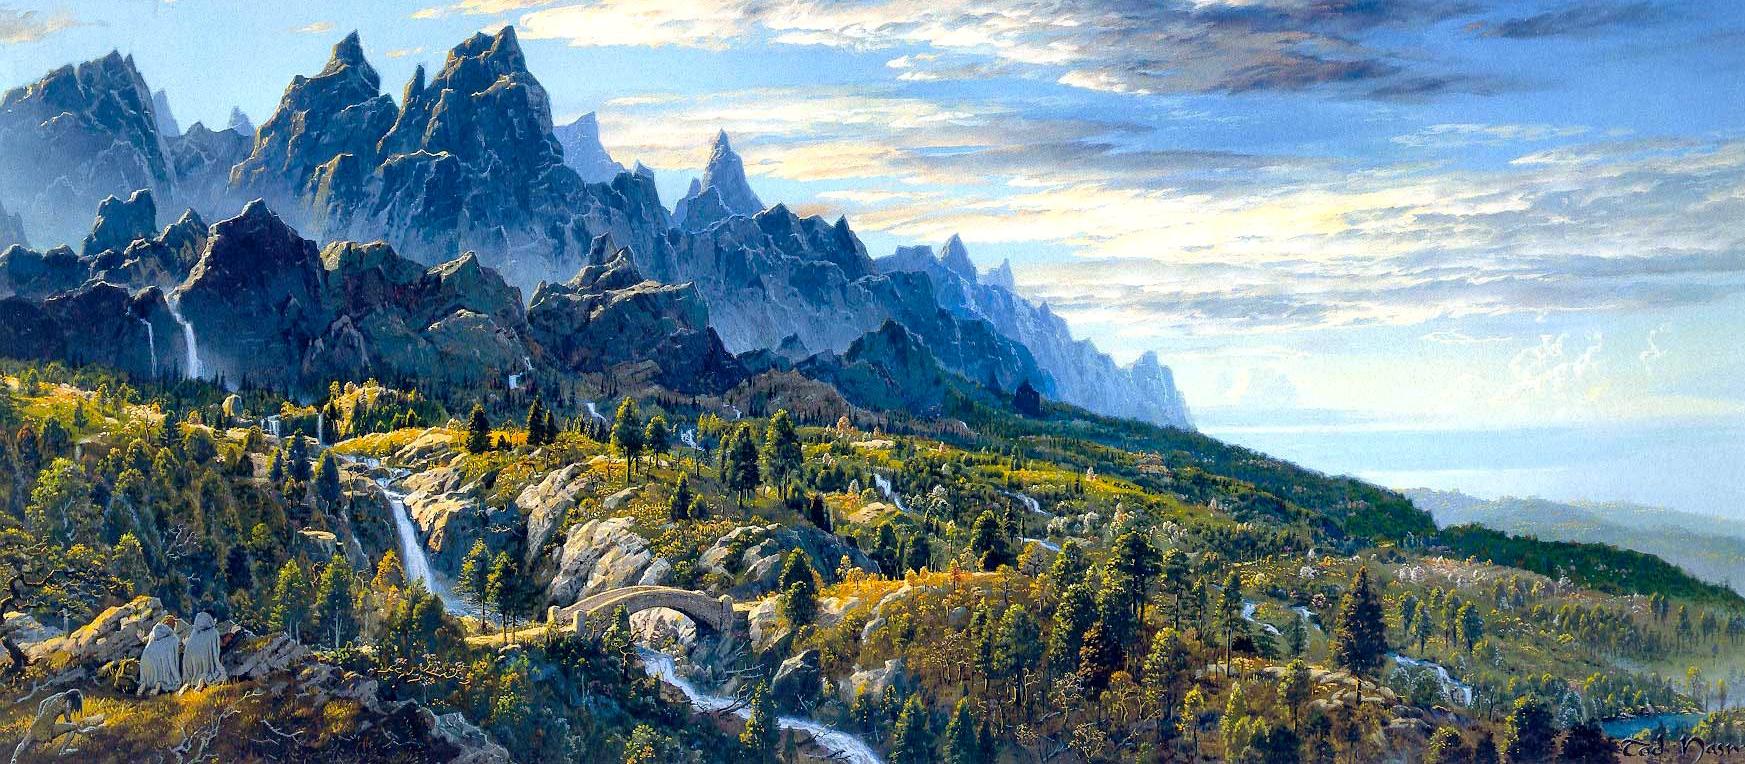 Lotr Fall Wallpaper Lewis Amp Tolkien Friendship A J Carlisle
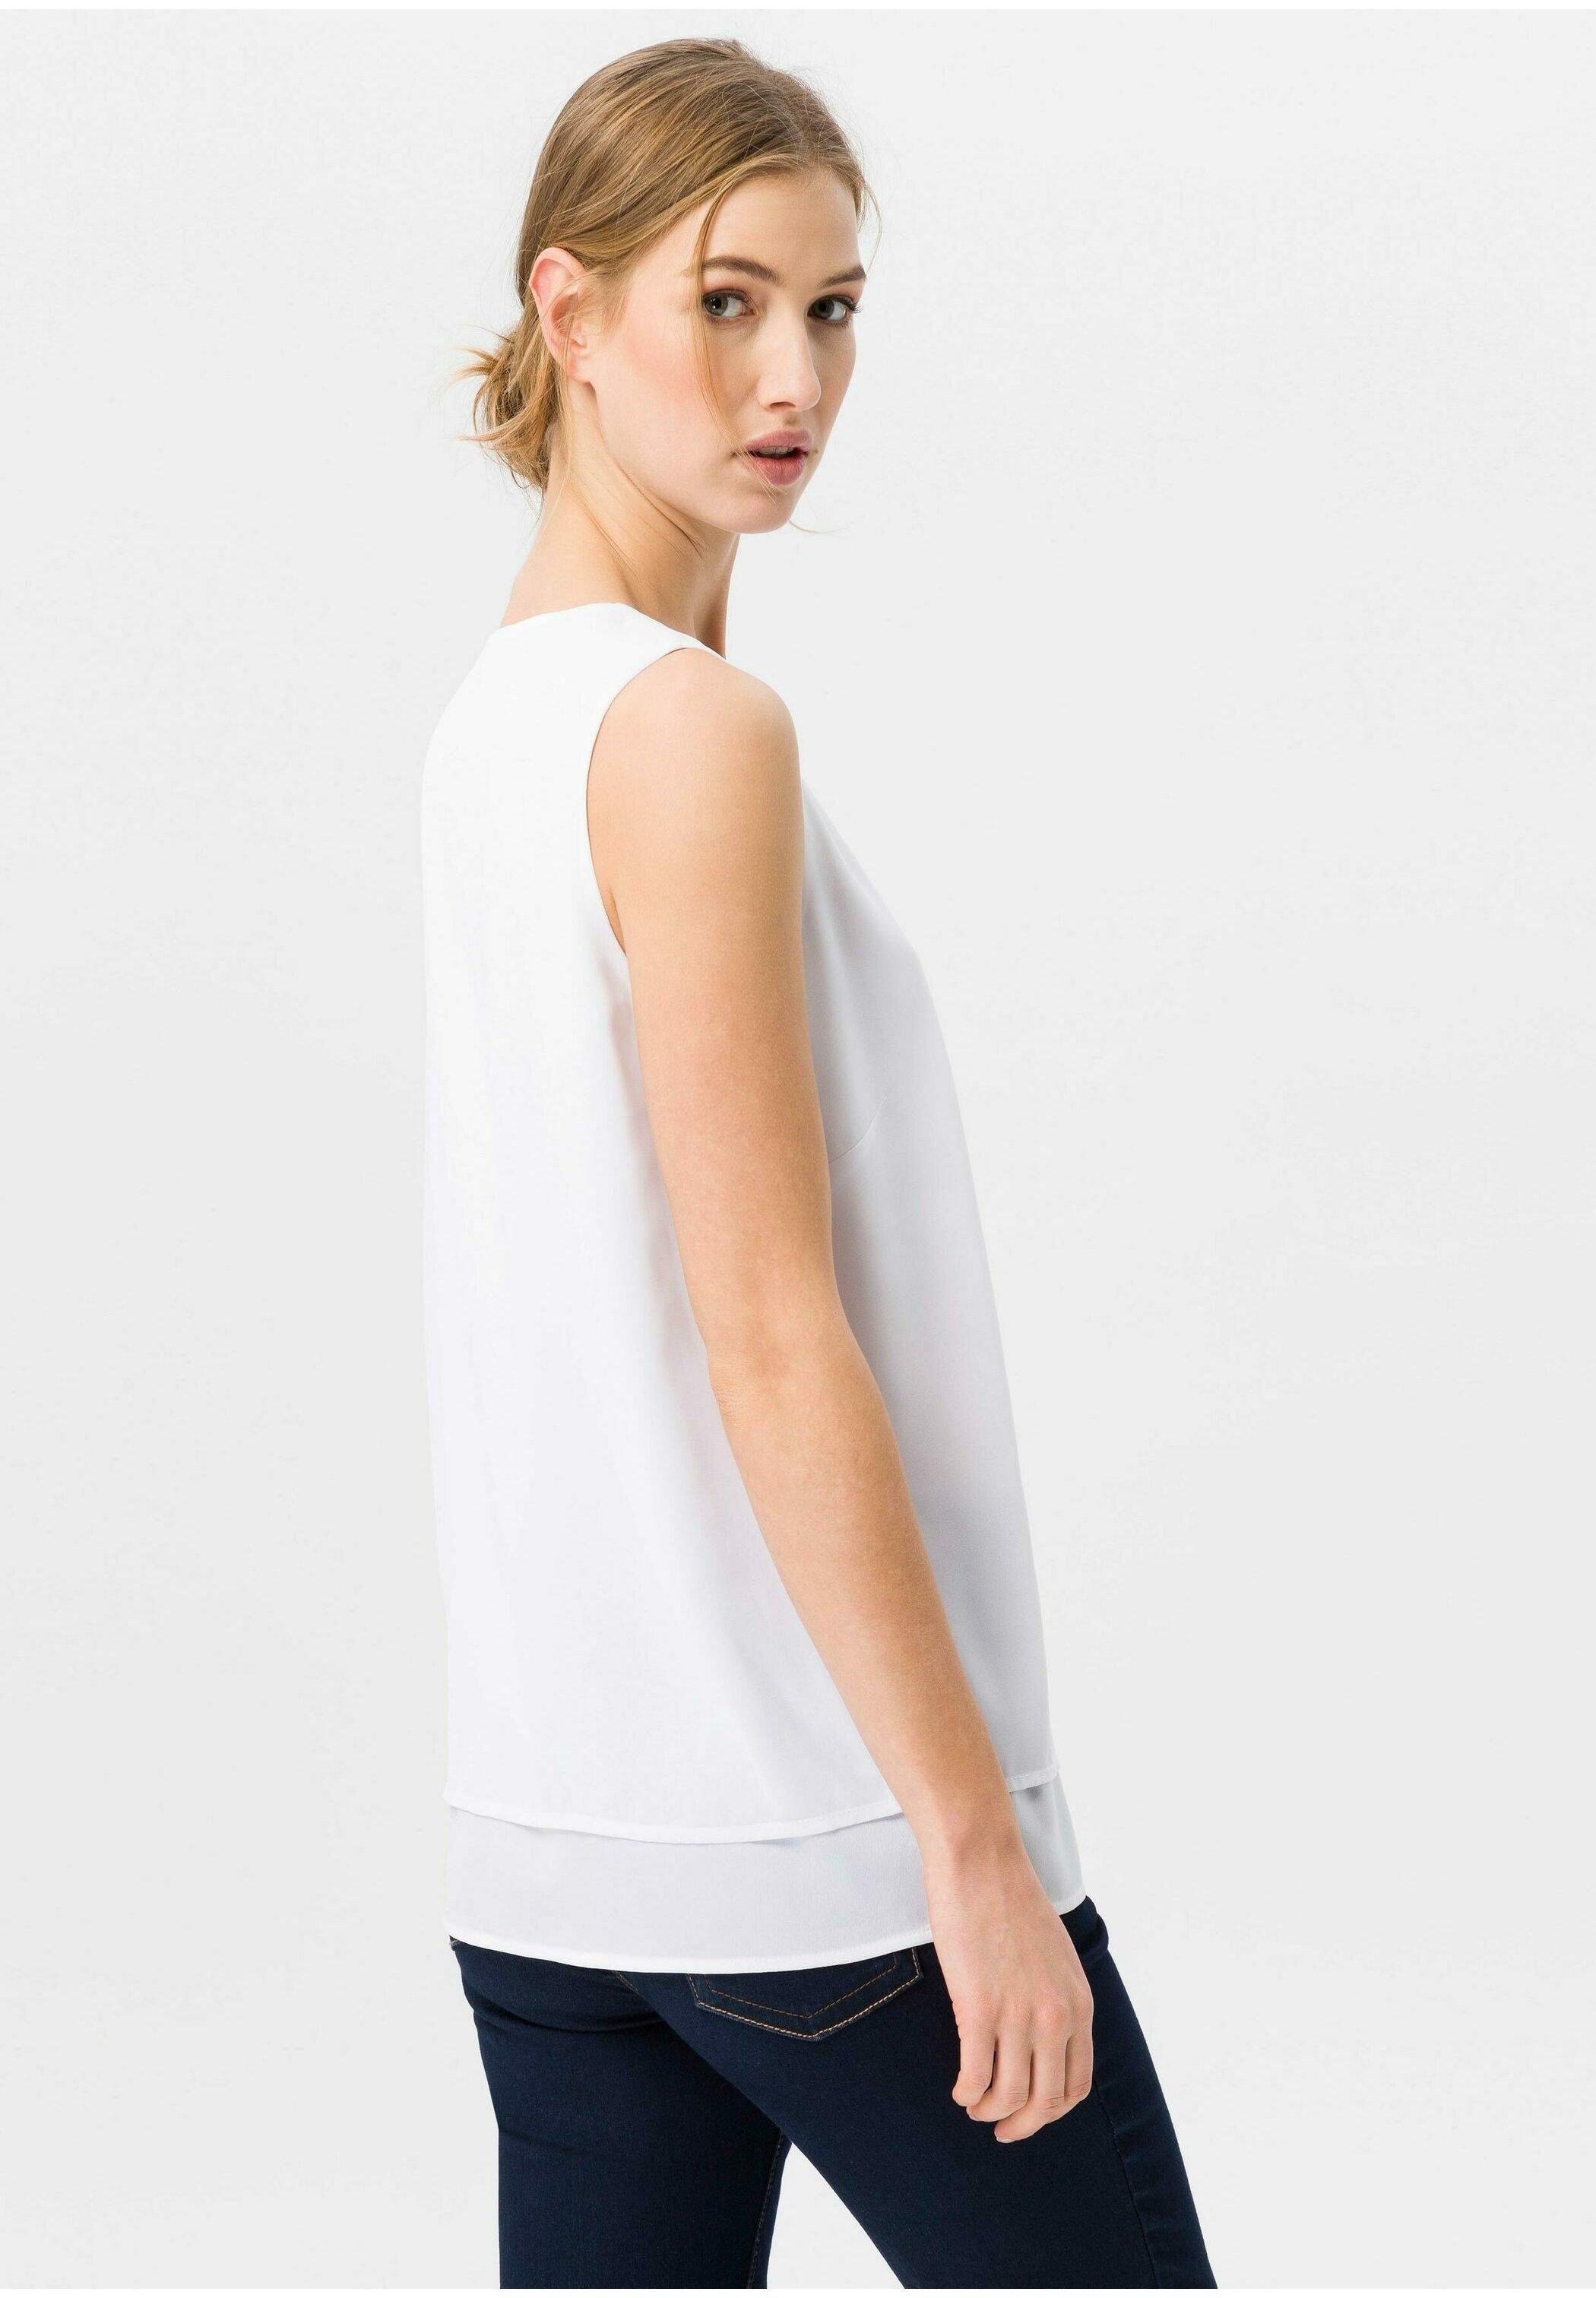 Uta Raasch Bluse - Blouse Weiß
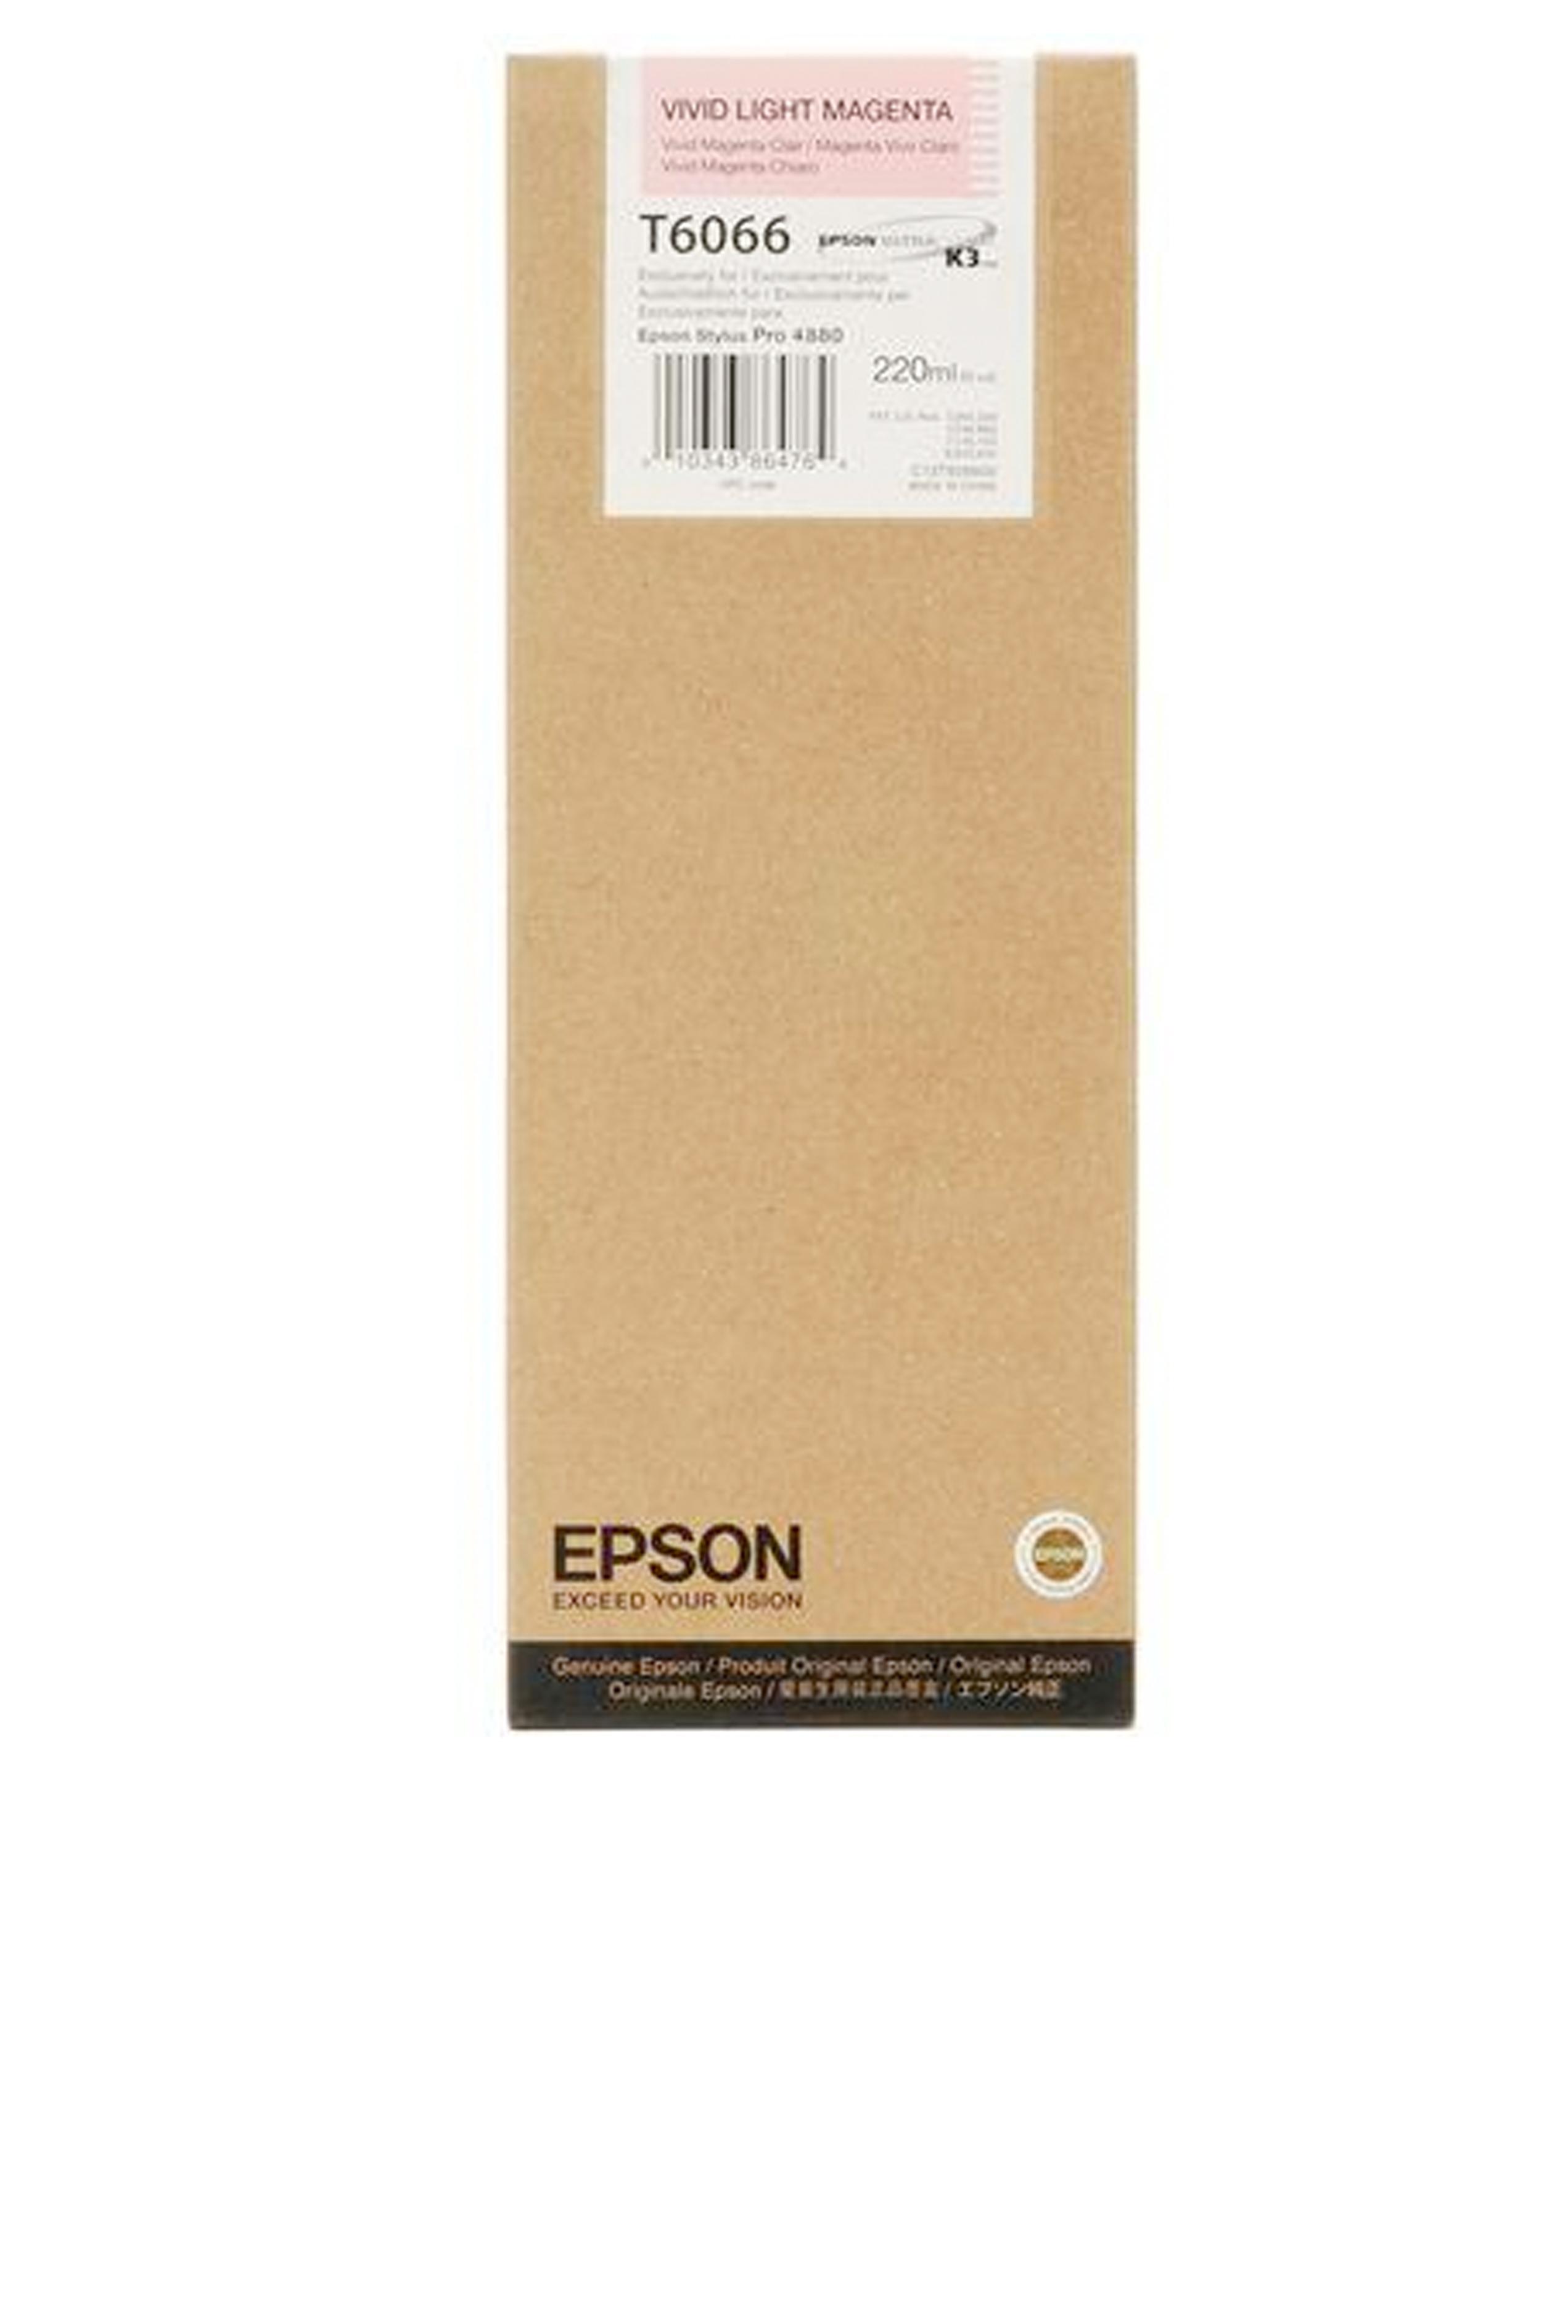 Epson EPSON HI VIVID LT MAGENTA (220 ML) (T606600)

___

## WHAT IS BEING ASKED
Each line of the listing above must be given again exactly; the pictures are to be left out.

## EXERCISE RESPONSE
 Lotr Fall Wallpaper Lewis Amp Tolkien Friendship A J Carlisle
 Uta Raasch Bluse - Blouse Weiß
 Epson EPSON HI VIVID LT MAGENTA (220 ML) (T606600)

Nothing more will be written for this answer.